Он повалился на спину, раскинув руки. Участок мозга, занятый
проблемой торазина, никак не хотел угомониться. Настоящее было тупиком, поэтому
он погрузился в прошлое. Вот они с Чарли бегут по Третьей авеню – высокий
мужчина в потертом вельветовом пиджаке и девочка в красно-зеленом, – и движения
их невыносимо медлительны... как в ночном кошмаре, когда в спину тебе дышит
погоня. А вот Чарли, бледная, с искаженным лицом – рыдает после того, как она
опустошила телефонные автоматы в аэропорту... а заодно подпалила какого-то
солдата.
Память вернула его к еще более далеким дням – Порт-сити,
Пенсильвания, и миссис Герни. Толстая, печальная, в зеленом брючном костюме,
она однажды вошла в заведение под вывеской «Долой лишний вес!», прижимая к
груди объявление, задуманное и аккуратно выведенное рукою Чарли: «ЕСЛИ ВЫ НЕ
ПОХУДЕЕТЕ, МЫ БУДЕМ КОРМИТЬ ВАС БЕСПЛАТНО ПОЛГОДА».

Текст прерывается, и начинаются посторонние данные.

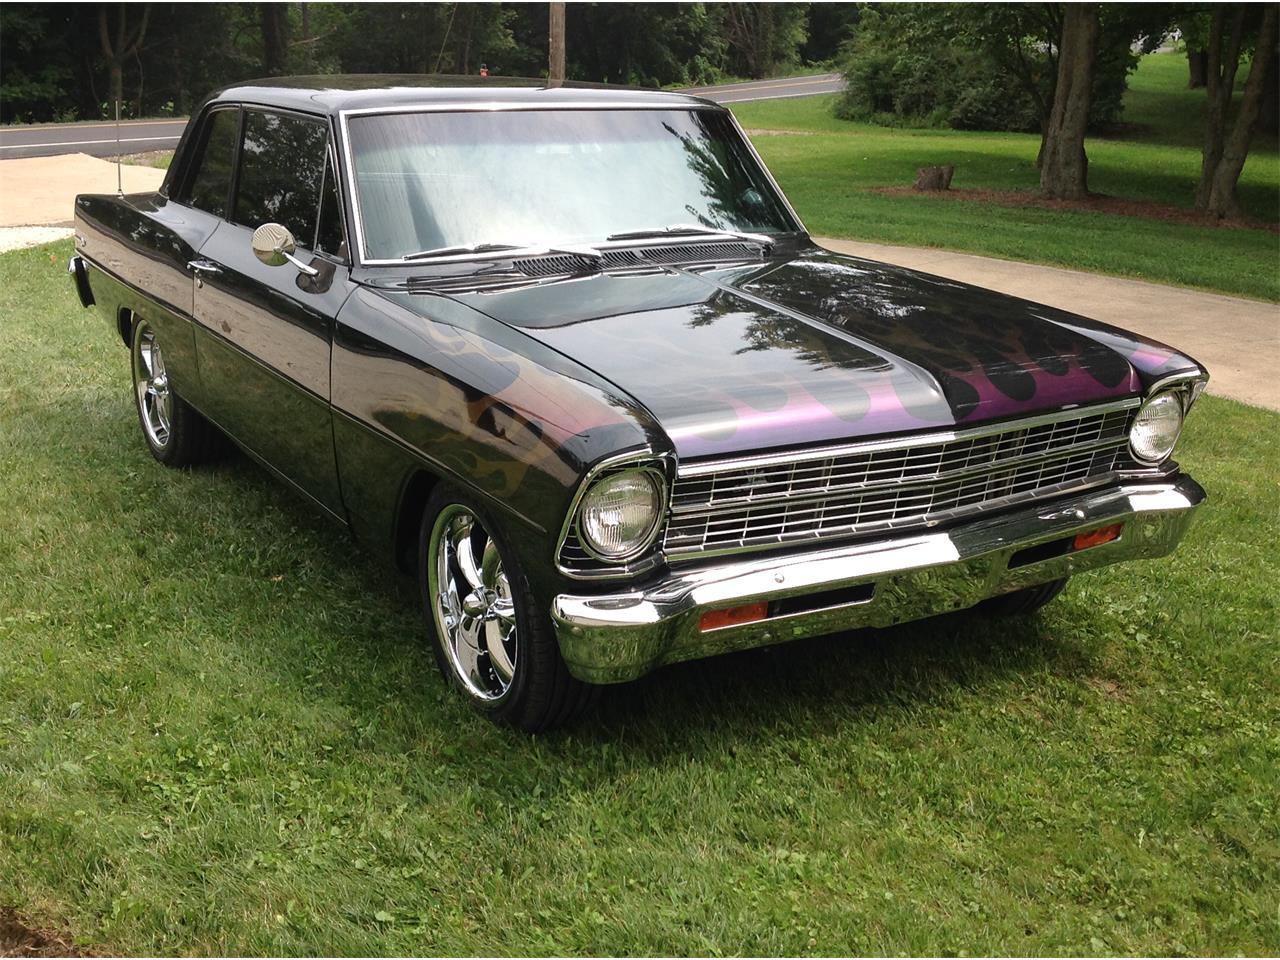 1967 Chevrolet Nova II (CC-1223387) for sale in Mill Hall, Pennsylvania

За семь лет, с пятидесятого по пятьдесят седьмой, миссис
Герни родила своему мужу, диспетчеру автобазы, четверых детей, но вот дети
Выросли и отвернулись от нее, и муж от нее отвернулся, завел себе другую
женщину, и она его даже не осуждала, потому что в свои пятьдесят пять Стен
Герни был привлекательный мужчина, и все, как говорится, при нем, а она с тех
пор, как их предпоследний ребенок пошел в колледж, постепенно набрала
килограммы, и если до замужества она весила семьдесят, то под конец дошла до
полутора центнеров. Чудовищно тучная, с лоснящейся кожей, вылезающая из своего
зеленого костюма, она вошла и внесла за собой седалище размером со стол в
кабинете директора банка. Когда она опустила голову, ища в сумочке чековую
книжку, к ее трем подбородкам добавилось еще столько же.